| /dev/urandom is a perfectly fine source of machine-generated randomness. In order to break /dev/urandom (but not /dev/random), you need to find a corner-case where you can break the cryptographically secure random number generator (CSPRNG) only when you can make certain guesses about its seed values. Since making those guesses about its seed values in the first place from the CSPRNG's output is a hard problem, and making an accurate guess about what eventually happened to the CSPRNG's output is a hard problem, this is pretty unlikely. But let's quote the kernel source on the matter[1], just to be clear: > The two other interfaces are two character devices /dev/random and
/dev/urandom. /dev/random is suitable for use when very high
quality randomness is desired (for example, for key generation or
one-time pads), as it will only return a maximum of the number of
bits of randomness (as estimated by the random number generator)
contained in the entropy pool. > The /dev/urandom device does not have this limit, and will return
as many bytes as are requested. As more and more random bytes are
requested without giving time for the entropy pool to recharge,
this will result in random numbers that are merely cryptographically
strong. For many applications, however, this is acceptable.
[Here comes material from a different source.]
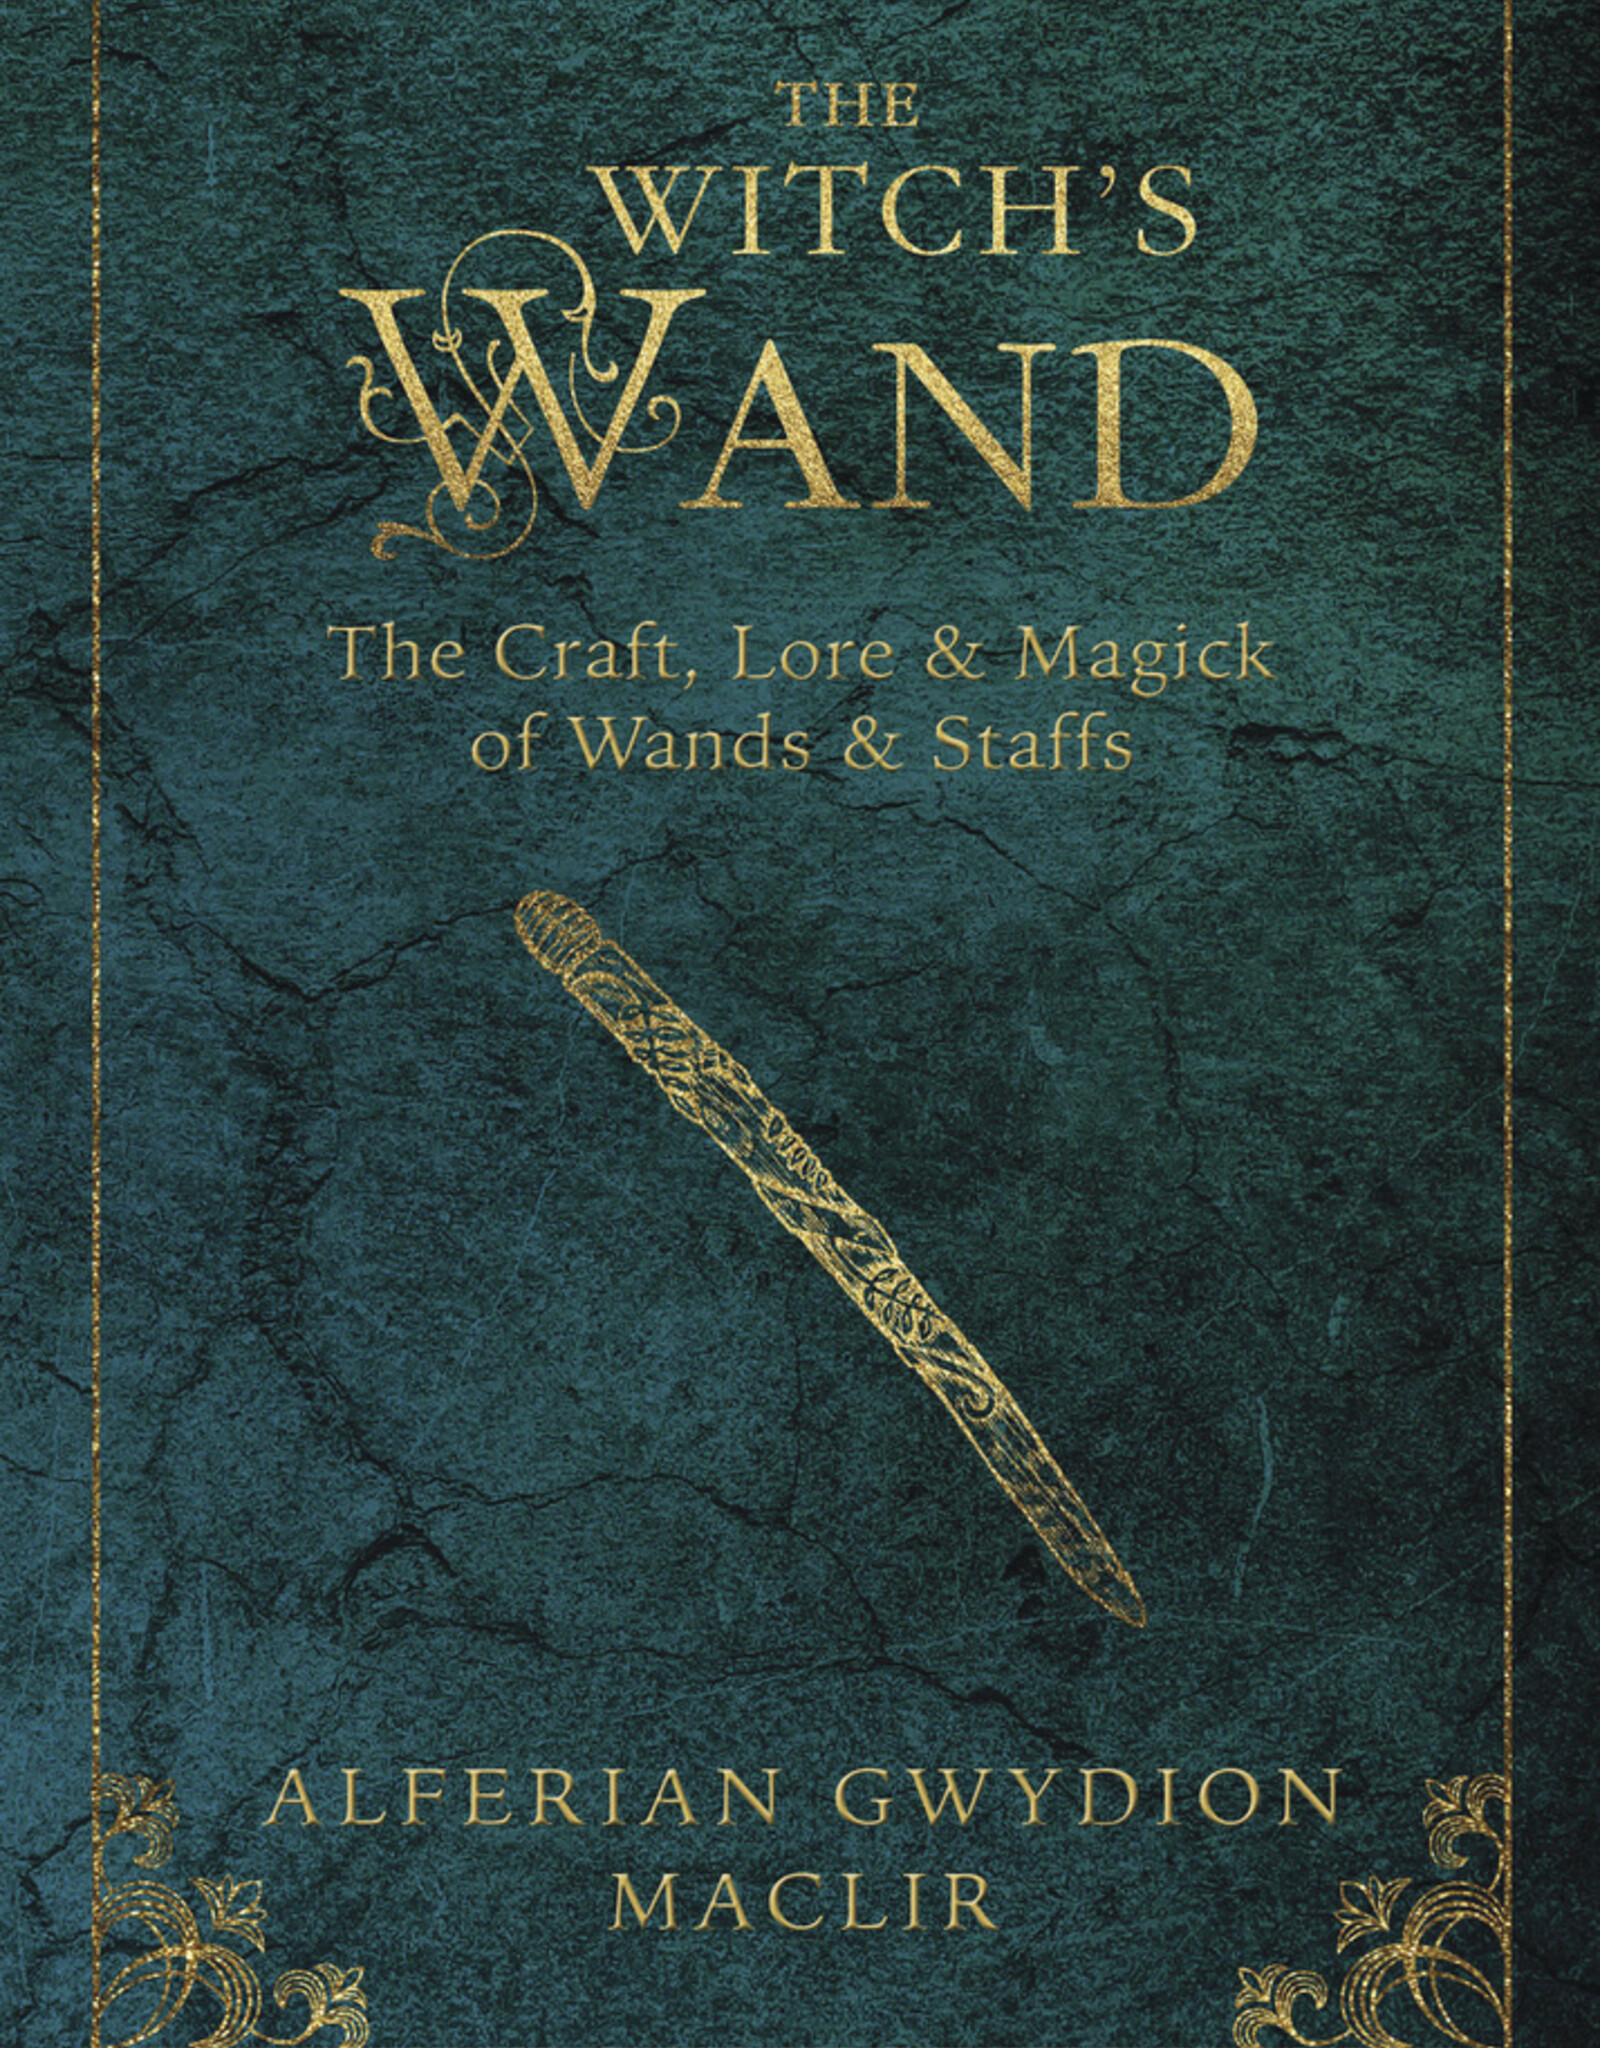 Llewelyn *The Witch's Wand

The real point to be made here is that, yes, /dev/random is theoretically better - but for many applications, letting /dev/random hang to wait for entropy is worse than having /dev/urandom use a CSPRNG in a way that is generally recognized to be secure. [1]: http://repo.or.cz/w/davej-history.git/blob/d0562c8dc:/driver... Edit: I would like to add that the original article is talking about using /dev/urandom to generate long-lived keys, not session keys or similar. In this case, the blocking is sometimes acceptable to generate appropriate entropy, since the fact that the key is long-lived implies that you don't do this very often. The argument for /dev/urandom only holds clout when you are making a tradeoff for non-blocking behavior (which is 99% of the time). As such, there is nothing wrong with being slightly paranoid and using /dev/random if you can afford the time spent collecting entropy. |